Yesterday evening the AP thought she was being really subtle by mentioning that she had been watching Tom Kerridge on the TV and was telling the LSO and myself how much weight he had lost and he has produced a book about it all, would I like it! For those who have read my previous blogs you will know that the subject of my weight is not a topic of discussion especially with the AP but in this case I was irritated but also slightly amused. Tom Kerridge probably lost a great deal of his weight by giving up a prodigious drinking habit. I am not in the habit of downing 15 pints a day although I do enjoy a couple of glasses of wine.

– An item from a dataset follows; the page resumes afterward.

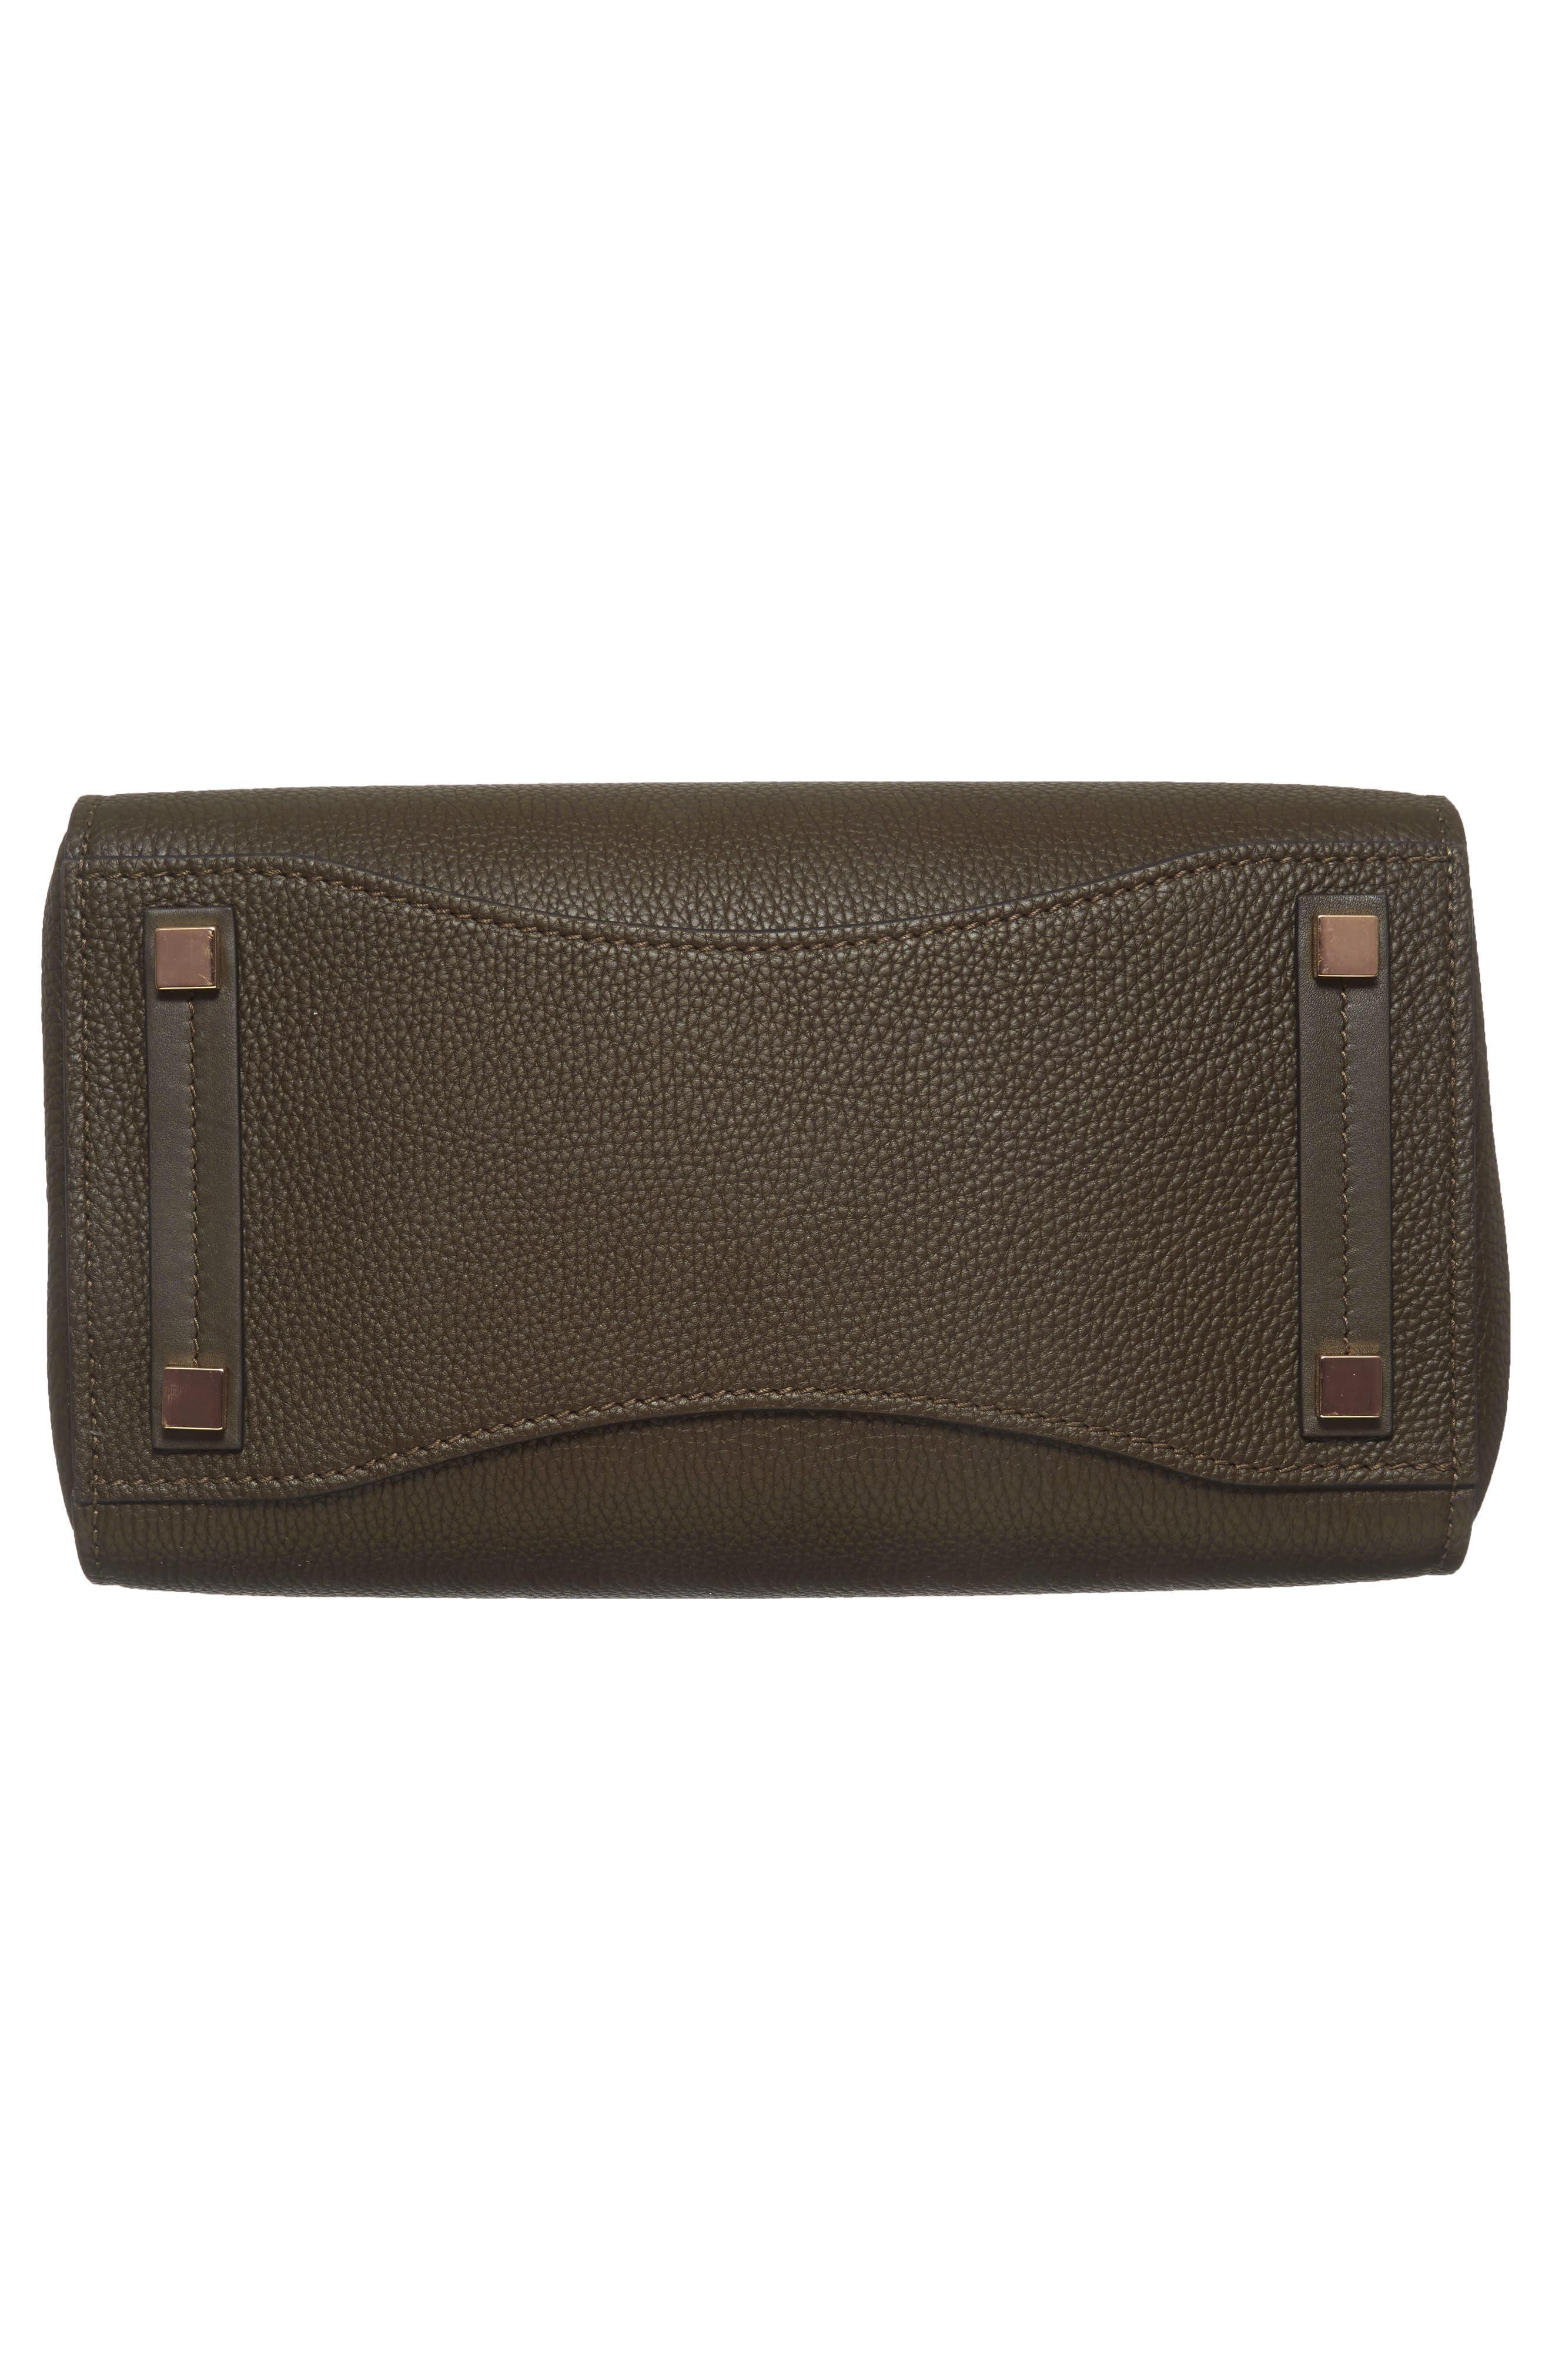 Large Bancroft Leather Top Handle Satchel,                             Alternate thumbnail 18, color,

The irritation factor is that despite asking her not to be so critical about my weight she still persists. If I felt it was a genuine concern about my health I really wouldn’t mind but I know it is all to do with vanity and other peoples perceptions of her. A fat daughter is not good for HER image. Unfortunately her constant ‘nibbing’ for want of a better word has done nothing for my self esteem and my general response when feeling down and frustrated by it all is to head in the direction of a nice comforting carb.

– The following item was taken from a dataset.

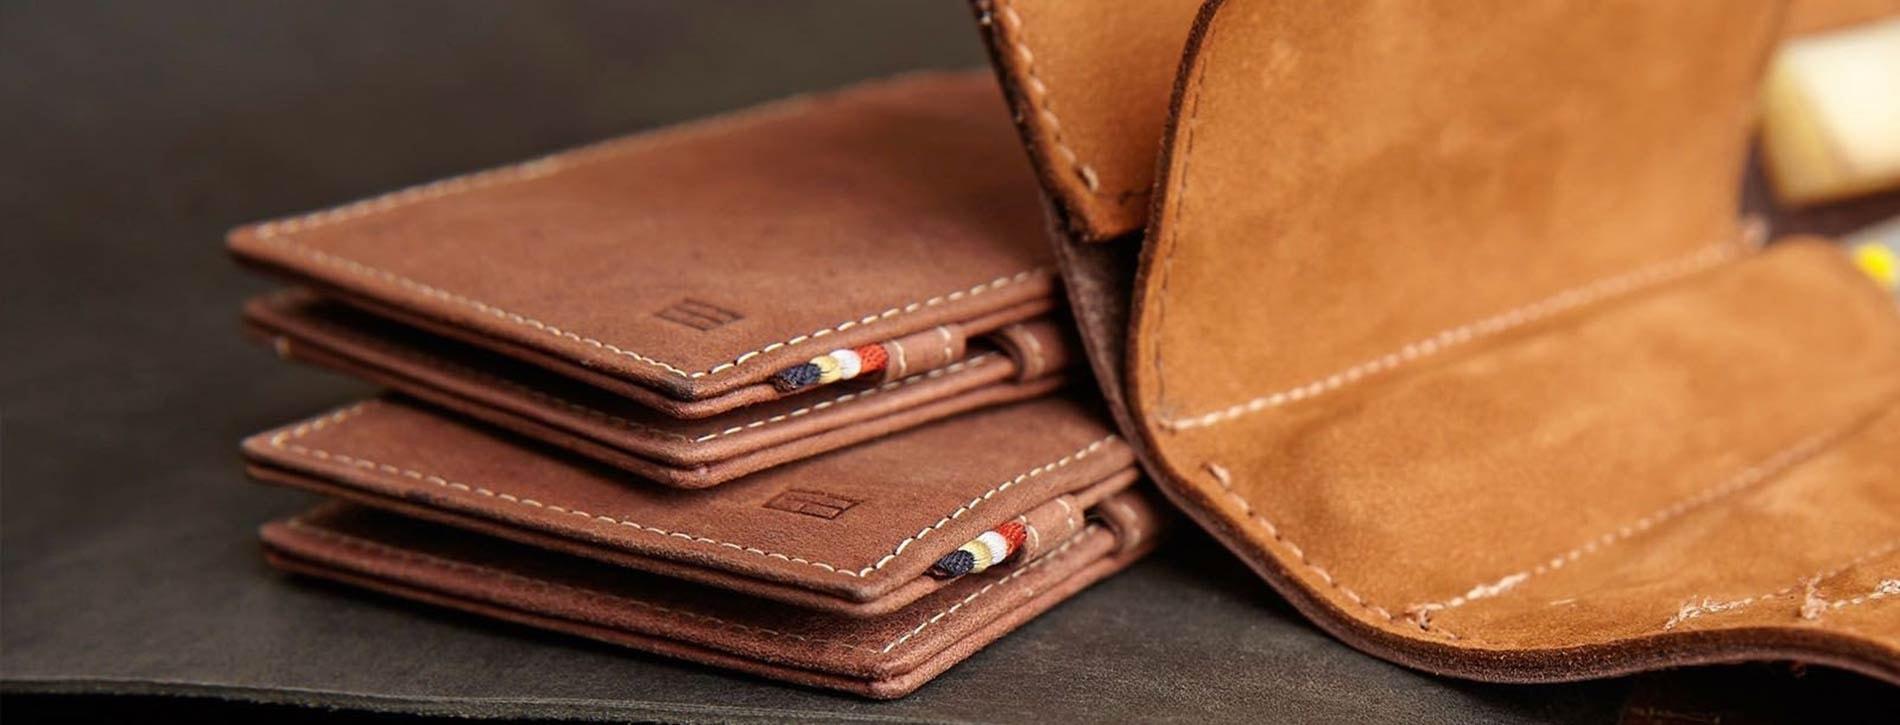 Garzini wallets

Also still on the same subject, all these dieting books are much the same and I have a cupboard full of them, The Hairy Dieters, Anthony Worral Thompson, Low Carb Cooking, Low Fat Recipes, books by Slimming World and WeightWatchers, the list is endless. That is not to say that these books aren’t useful because they are and they are great guides when meal planning. Interestingly they all have two things in common and that is the prevalence of punchy, spicy flavours and a variety of lovely crisp vegetables so once again we go full circle and are back to the problem that continually haunts me these days. How do I cook for us and also satisfy the AP and her love of bland, soft food smothered in sauces or gravy.

We have another fridge/freezer arriving next week to go in the utility room and the LSO has decided that one drawer will be dedicated to meals for the AP whether bought in or pre-prepared. Well, it’s a plan and sadly no magic pill for me, just diet and exercise.